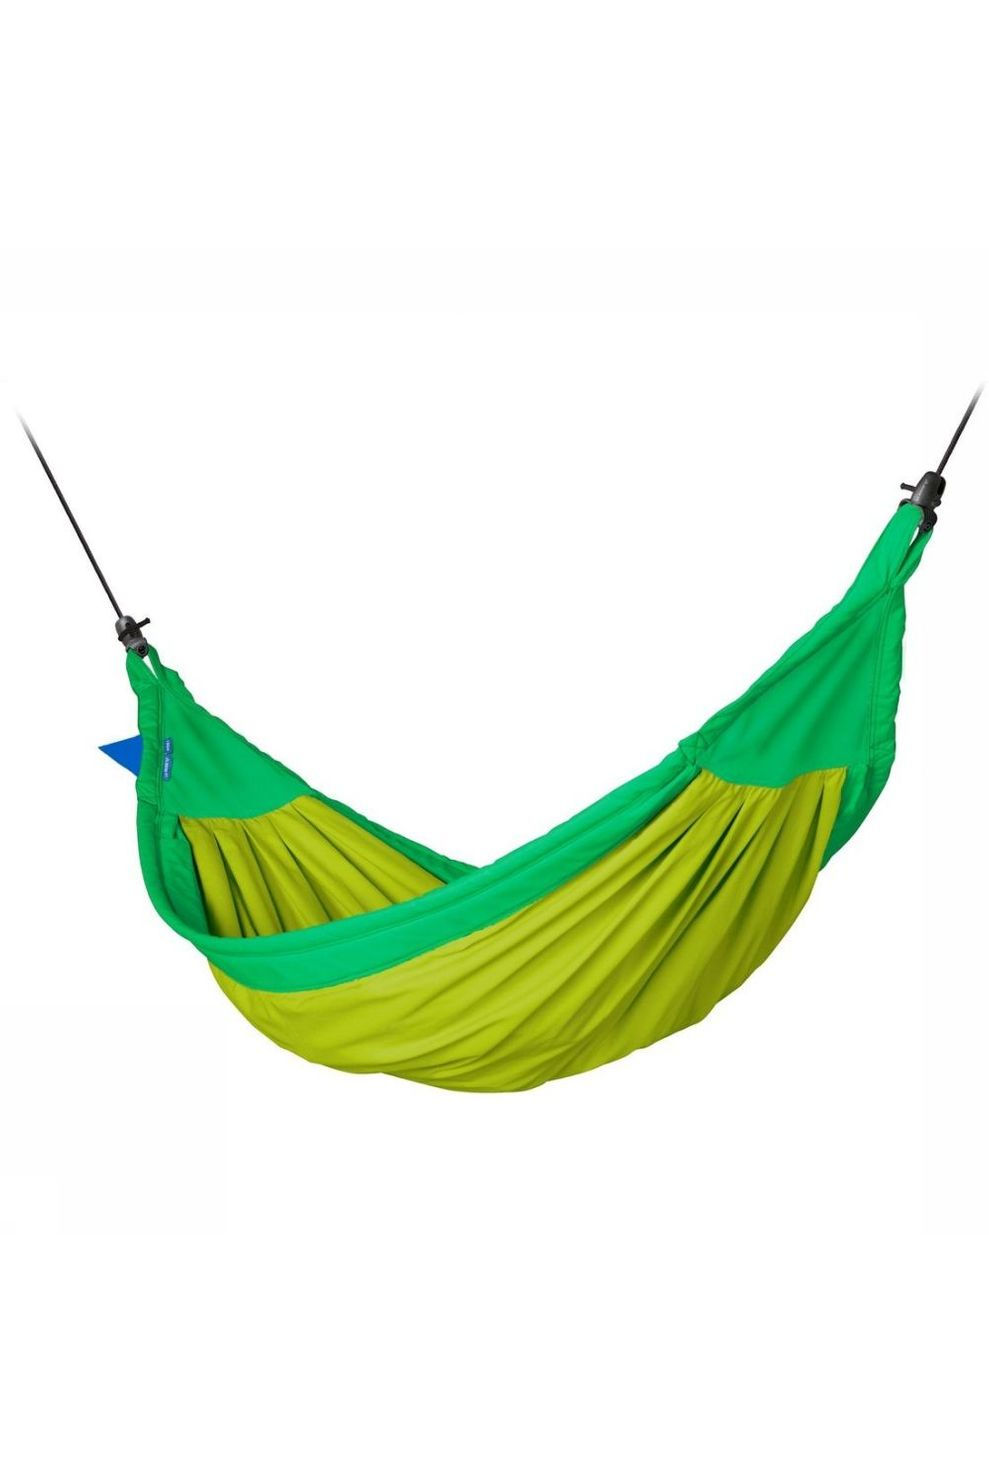 La Siesta Hangmat Moki - Limoen Groen
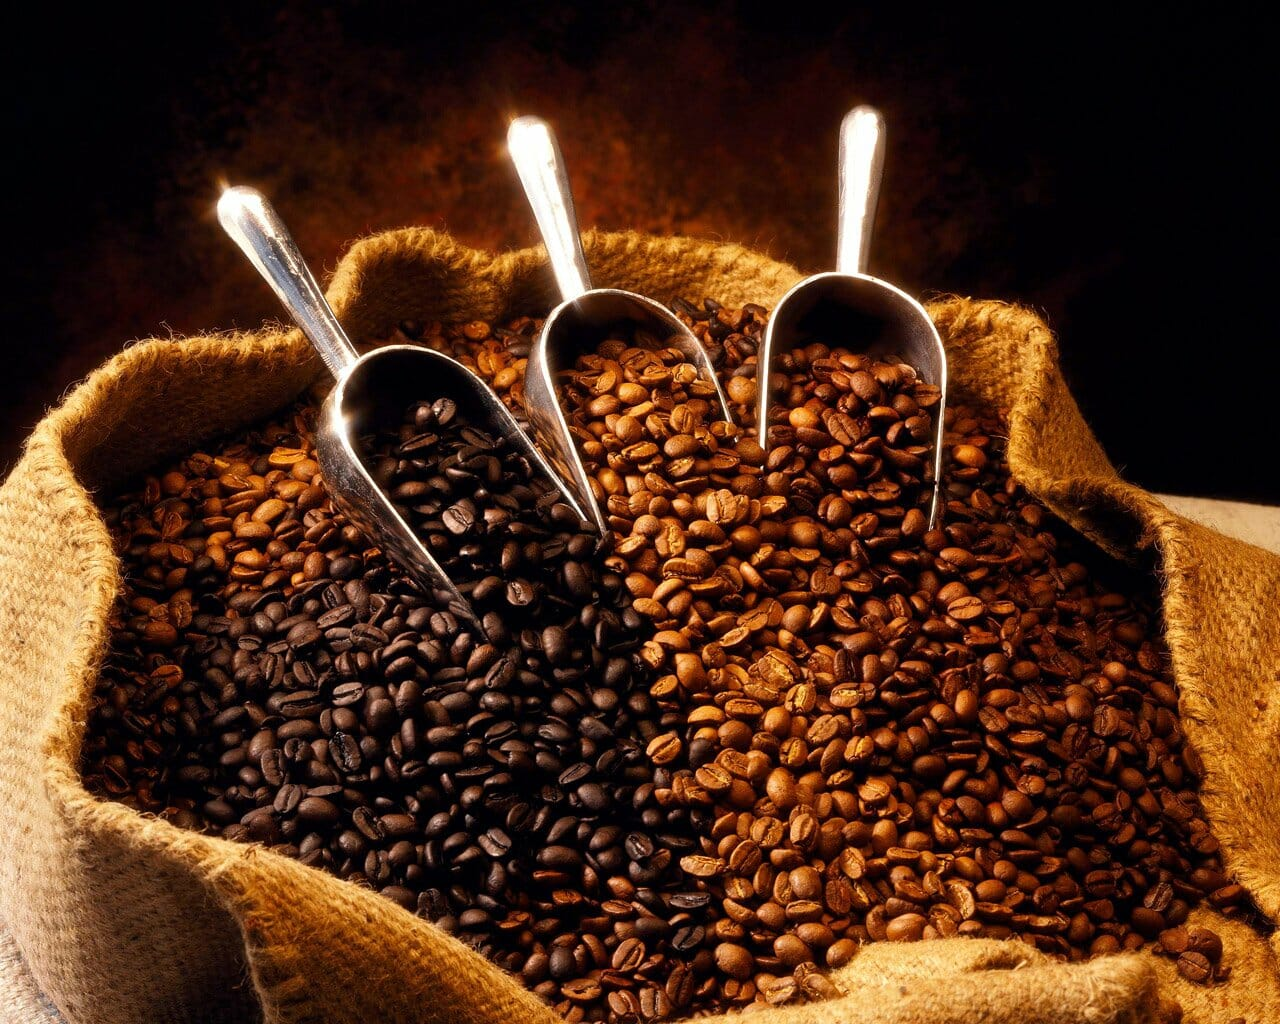 Koffiebonen branden
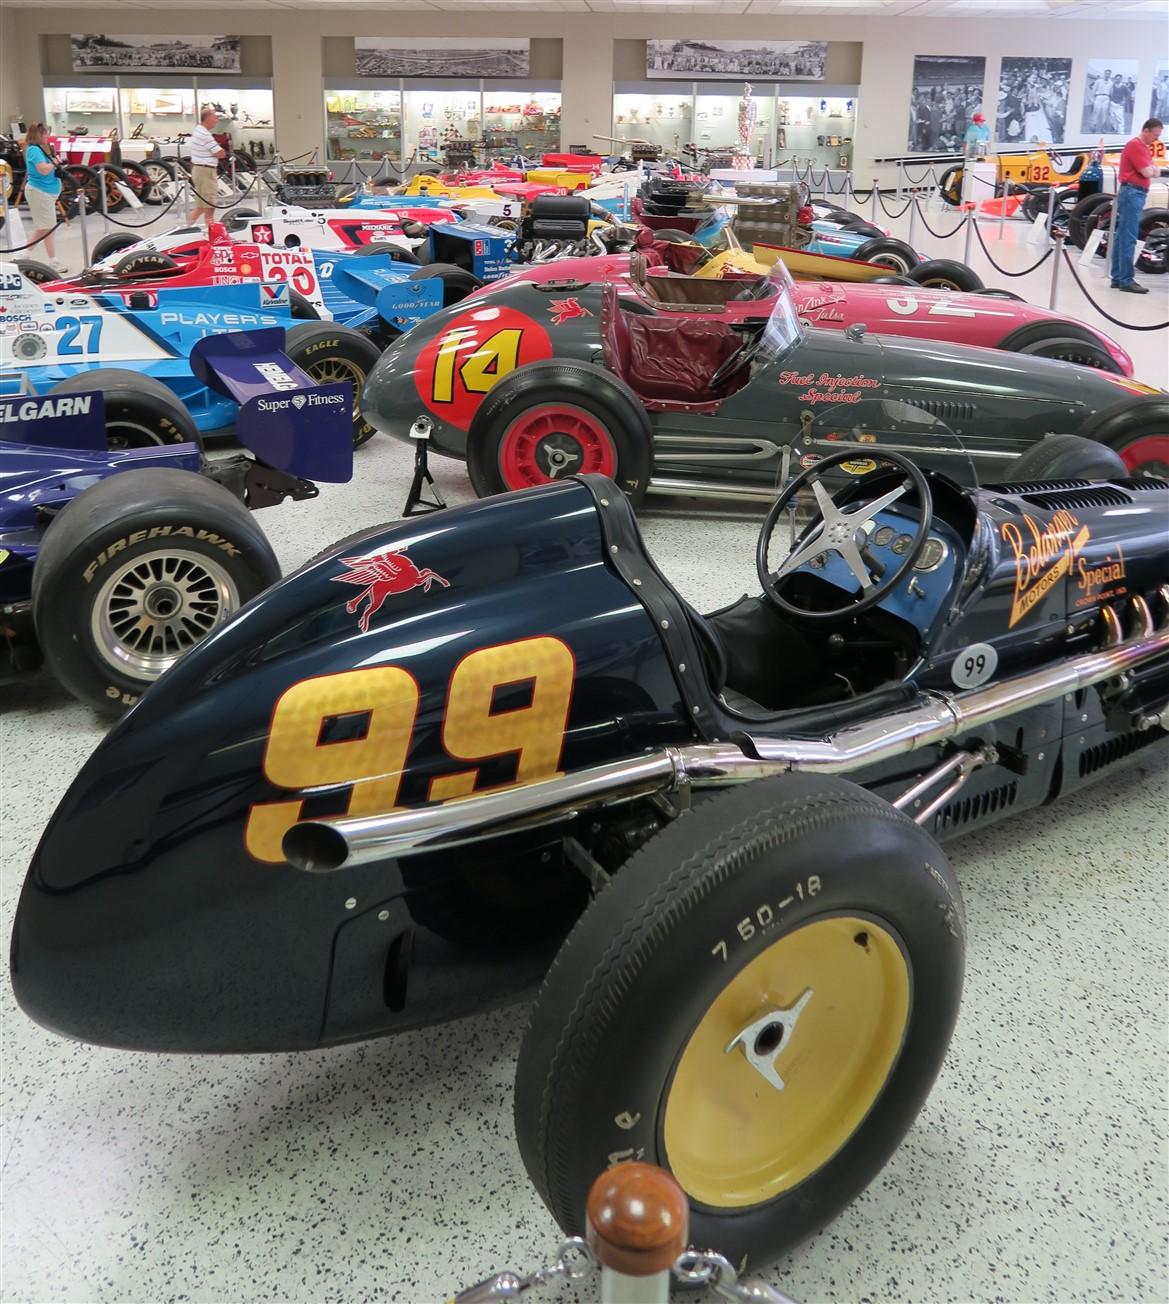 2015 07 19 123 Indianapolis Motor Speedway

**What you have to do**:
Print the full listing again exactly, and drop every image from it.

**Answer to this task**:
 La Siesta Hangmat Moki - Limoen Groen
 Koffiebonen branden
 2015 07 19 123 Indianapolis Motor Speedway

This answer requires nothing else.